10. However, the accountable person claims the deduction on the ground that it is liability charged on the estate of the deceased and, therefore, it should be taken to be a debt deductible in computing the principal value of the estate. But this contention of the learned counsel for the accountable person ignores one vital circumstance. The estate duty is payable only after the death of the deceased and the charge of estate duty comes into existence after the death of the deceased. Therefore, a debt which comes into existence even a moment after the death of the deceased cannot be taken to be a debt subsisting on the date of the death of the deceased. Even taking the estate duty payable as a debt due by the estate, it is not a debt due by the deceased, which alone is deductible under Section 44 of the E.D. Act. This question has been considered by a Division Bench of this court in RM. Arunachalam v. CED : [1981]132ITR871(Mad) and the court has held that the estate duty payable on the estate of the deceased is not an allowable deduction in the computation of the principal value of the estate. The court has taken the view that the expressions 'debts' and 'incumbrances' in Section 44 of the E.D. Act, refer to debts and incumbrances created by the deceased during his lifetime, that the liability to pay estate duty, even if it were created by statute, cannot be said to be a debt or incumbrance created by the deceased, and that, therefore, the estate duty is not deductible from the value of the estate. Similar view has also been taken by the Andhra Pradesh High Court in the decision in CED v. Omprakash Bajaj : [1977]110ITR263(AP) and by the Gujarat High Court in the decision in Smt. Shantaben Narottamdas v. CED : [1978]111ITR365(Guj) . Having regard to the principles laid down in those decisions, we hold that the estate duty payable on the estate of the deceased is not an allowable deduction under Section 44 of the E.D. Act. We, therefore, answer question No. 4 in the negative and against the accountable person.

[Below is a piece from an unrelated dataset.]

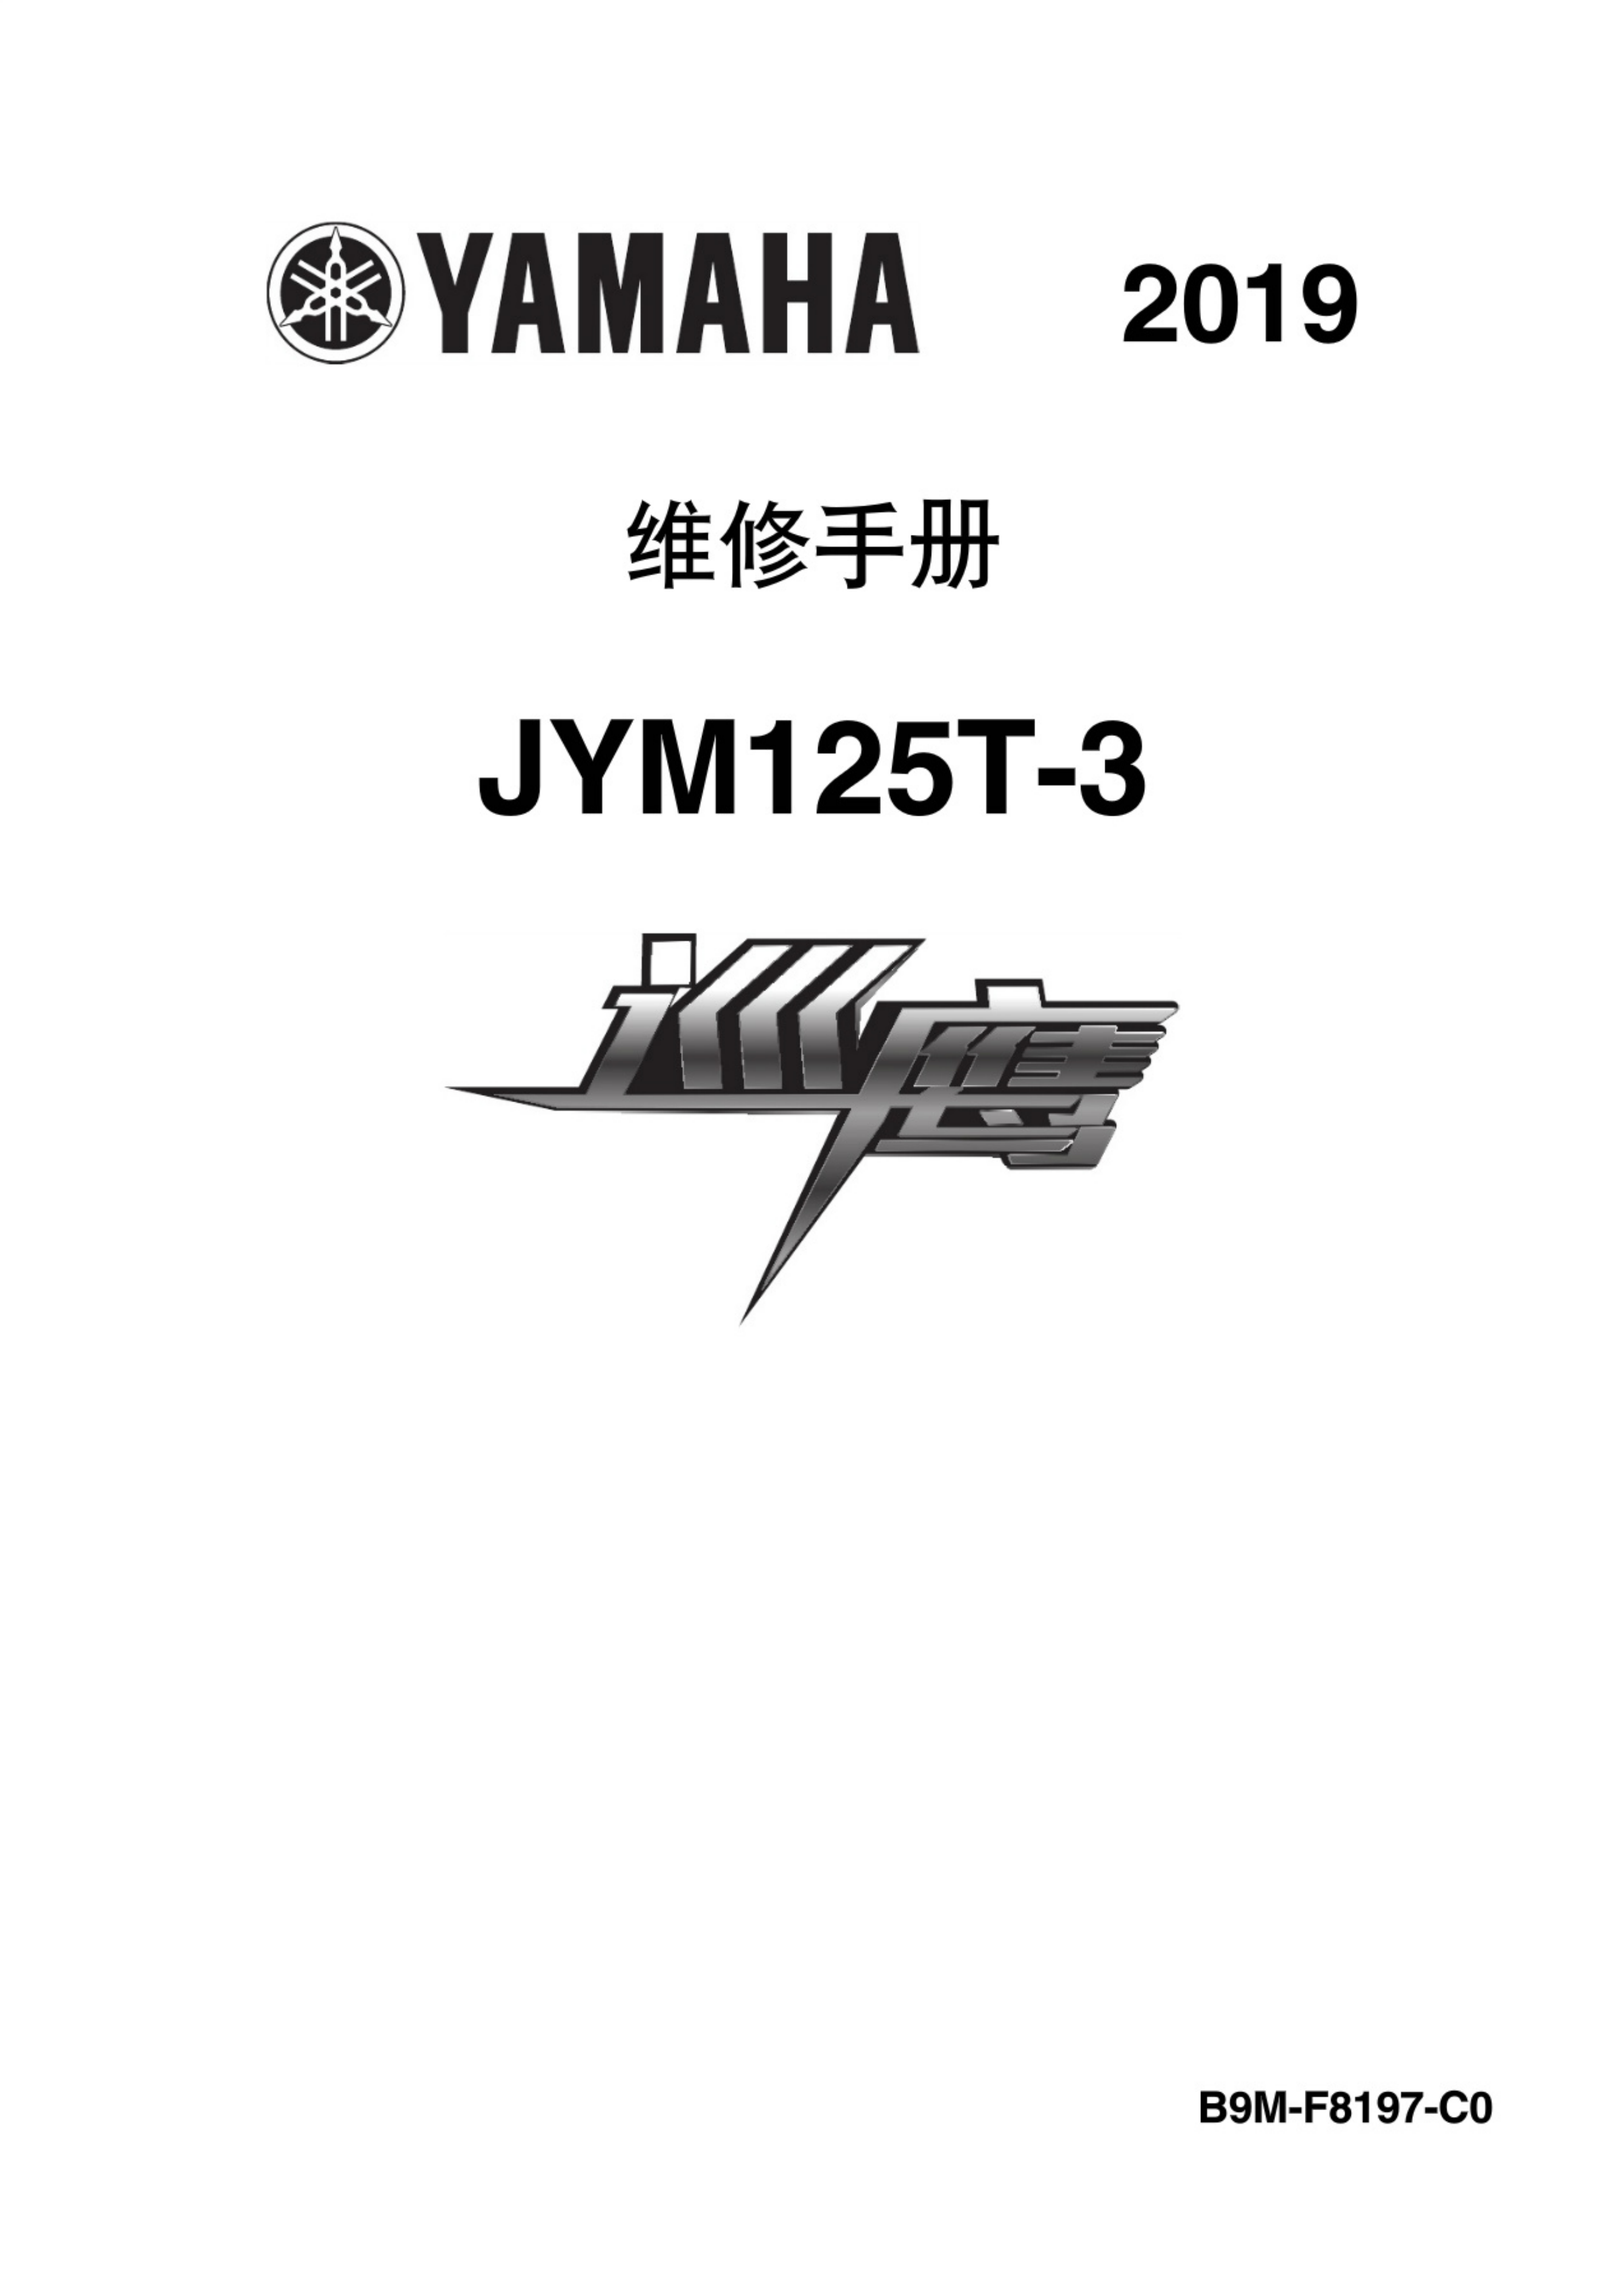 原版中文2019年雅马哈巡鹰维修手册JYM125T-3维修手册插图

11. Question No. 5 relates to the plea taken by the accountable person that any subsequent adoption should be considered to relate back to the date of death of the deceased and the effect of such adoption would reduce the share of the deceased in the HUF properties which has been rejected -by the Tribunal. A perusal of the order of the Tribunal itself indicates that the widow of the deceased has not chosen to adopt anybody either during the lifetime of the deceased or afterwards till the hearing of the appeal by the Tribunal and, therefore, the question as to what will happen if an adoption takes place in future is purely hypothetical. Having said that the question is hypothetical, the Tribunal proceeded to express its own opinion on the question as to whether any adoption will relate back to the date of death of the deceased and ultimately expressed the view that there will be no relating back. On the facts of this case, we are of the view that no answer is called for on the question posed. Admittedly, therewas no adoption by the wife of the deceased till the decision was rendered by the Tribunal. However, the Tribunal has chosen to express an opinion on the hypothetical question and we are also asked to answer the same hypothetical question. Normally, the court will give its opinion only on the facts found or established before the Tribunal and it is not bound to give any opinion on an hypothetical question such as the one arising in this case as to what will .happen if an adoption was made by the wife of the deceased subsequent to the date of the order of the Tribunal. Since question No. 5 involves only an hypothetical issue based on certain assumptions of facts which may take place or may not take place, we are reluctant to answer that question. We, therefore, return that question unanswered. As the Revenue has succeeded substantially, it will have the costs from the accountable person. Counsel's fee Rs. 500 one set.